Je m’appuyai contre le mur et fermai les yeux.

Je peinais à tenir debout. Ma tête pesait lourdement sur mes épaules, comme attirée par le sol. Je me redressai et découvris mon reflet dans le miroir de la chambre. J’eus un choc, je ne me reconnaissais pas. Devant moi, se dressait une femme à la chevelure épaisse, les sourcils noirs et le regard furieux ; cette femme me contemplait sans sourire. Je clignai l’oeil gauche, puis le droit, et me collai à la glace pour scruter mon visage. J’ouvris la bouche. Rien à faire, « je » était autre. A qui appartenait cette enveloppe corporelle ? Je fronçai le nez, plissai le front, esquissai une grimace… non, non et non. Impossible ! que s’était-il passé ? Un accès de colère sourde me gagna, je saisis le vase sur la table de nuit et le lançai avec rage sur ce reflet qui mentait. Le verre se brisa.
J’habillai un corps maigre plus poilu que le mien. Je sortis avec hâte. J’appuyai sur le bouton de l’ascenseur et défaillis à la vue de mes ongles, qui ressemblaient à des griffes. Je décidai de prendre l’escalier. Je me perdis, hésitai devant les marches si raides ; je pliai les jambes et mes genoux craquèrent. Les murs se resserrèrent dangereusement, j’allais mourir étouffée. Je dévalai l’escalier en hurlant. Les portes sur les paliers s’ouvrirent les unes après les autres, laissant apparaître des visages menaçants. Je n’avais plus de foyer, où allai-je m’abriter ?
Dans la rue, l’air frais me revigora. J’inspirai profondément. Je regardai le ciel et les nuages me calmèrent ; un rouge-gorge me sourit sur un arbre. Malheureusement lorsque je repris ma route, assez vite, je fus suivie. La femme derrière moi me collait au train, et lui, le grand dégingandé qui m’observait, ne l’avais-je pas croisé sur le trottoir juste auparavant ? Que me voulaient ces gens ? Je courus sur la route au milieu des voitures qui zigzaguèrent pour m’éviter. J’entrai dans un supermarché où je me mis en boule et roulai sous les rayonnages, les marchandises se répandirent à terre. Je crus apercevoir d’autres clients mécontents imiter mon geste, pourtant je ne m’arrêtai pas.
Je croisai des passants zombies qui se pressaient vers les bouches de métro sans se voir. Je cherchais les vivants dans la foule. Mon iris ne supportait plus la lumière qui se reflétait sur les vitrines. Je m’armai d’une pierre et choisis de défoncer la devanture d’une bijouterie, assez coriace ; puis une autre, celle d’un grossiste qui céda rapidement et fut envahie par une horde de pillards, surgissant de je ne sais où ; et une nouvelle, crack ! Je fus bientôt rejointe par celles et ceux que je reconnus comme des semblables et ensemble, nous nous en donnâmes à coeur joie.
***
J’enfilai ma blouse blanche et entrai dans l’immense salle du centre de rééducation. Là, des centaines de lits s’alignaient sous les fenêtres grillagées. Je passai une main moite au sommet de mon crâne chauve et lus, distraitement, le rapport sur la dernière arrivée. Encore une. Mais qu’avaient-ils donc à péter les plombs à ce point ? Le service ne suffirait jamais à les contenir.

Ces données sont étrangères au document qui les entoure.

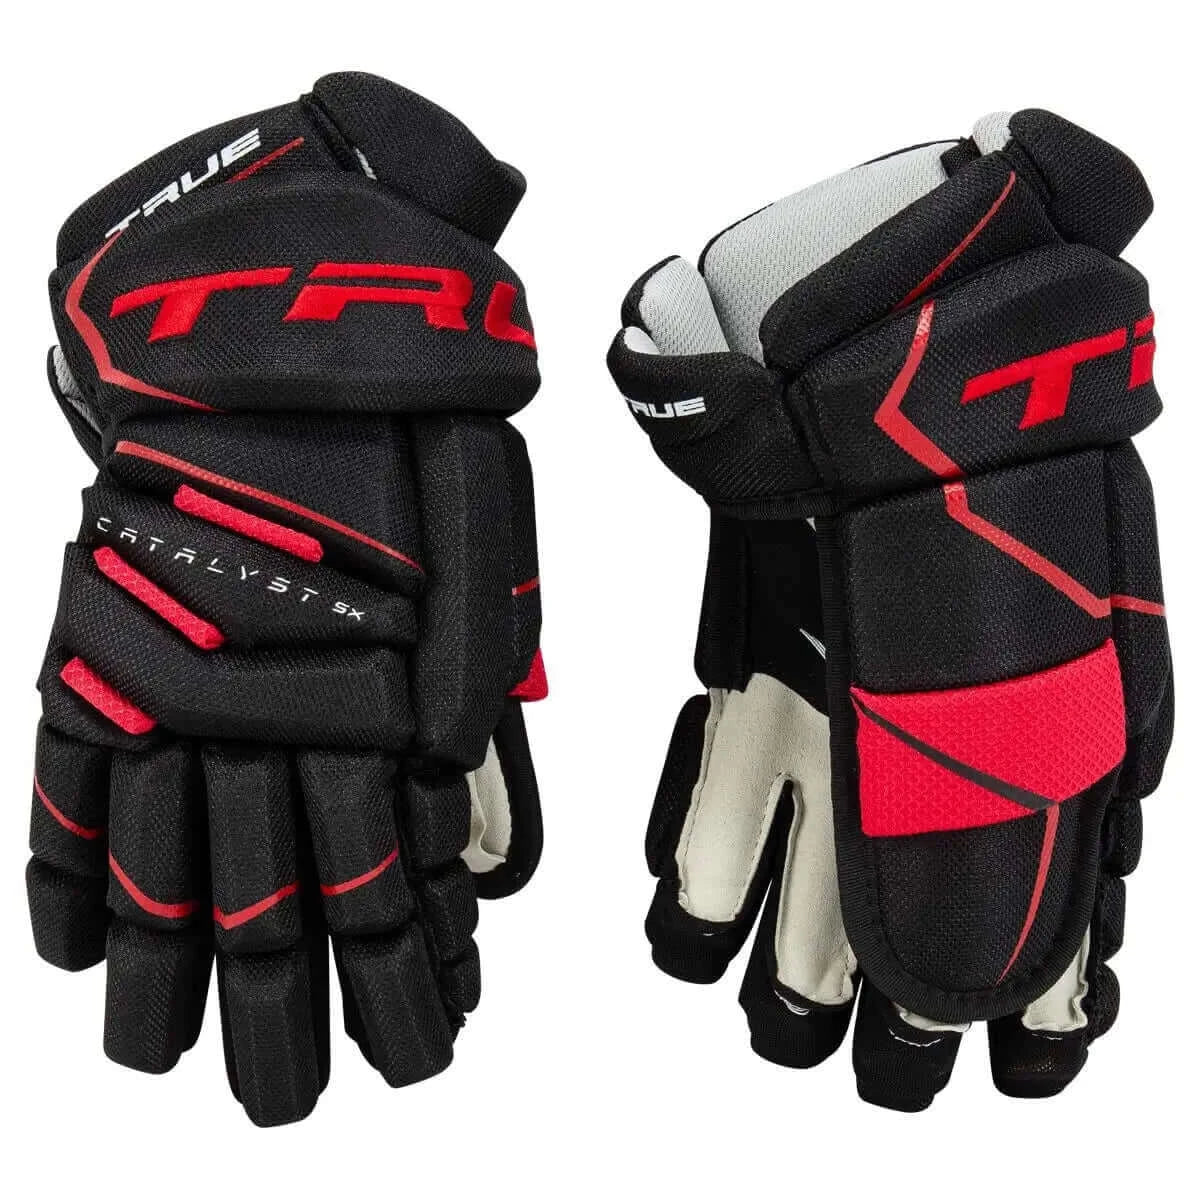 True Catalyst 5X Hockey Gloves Sr

« Femme plutôt brune de taille moyenne aux yeux clairs, sans signe distinctif apparent. Arrivée hier à 23h, état catatonique. Demeure prostrée. La garder sous surveillance rapprochée. » Agacé par ces lignes mal rédigées qui ne m’apprenaient rien, je saisis l’ordinateur portable. Je prescrivis des électrochocs et un enfermement préventif de quelques mois. Puis, je regardai la patiente, frappé par son teint transparent et ses yeux verts éteints. J’écartai la mèche blonde qui cachait son visage et immédiatement, un élan irrépressible m’attira vers elle. Je la détaillai avec sa chevelure bouclée, elle paraissait beaucoup plus ronde et rousse qu’il y a cinq minutes. Par quel étrange phénomène se métamorphosait-elle ? Cet être ne semblait pas humain. Le désarroi me saisit à la gorge, étais-je drogué ou contaminé ? Toujours est-il que je détachai les sangles qui la maintenaient prisonnière. Je fis de même avec l’ensemble des personnes internées. J’ouvris la porte blindée à l’entrée et piquai les deux gardes d’une seringue remplie de narcotique. Dans une cavalcade vers la liberté, tout ce beau monde affranchi me piétina. Je ne parvenais pas à bouger et ne sentais plus mes membres. Seule ma pensée demeurait. Déjà mort, j’étais muré en moi-même.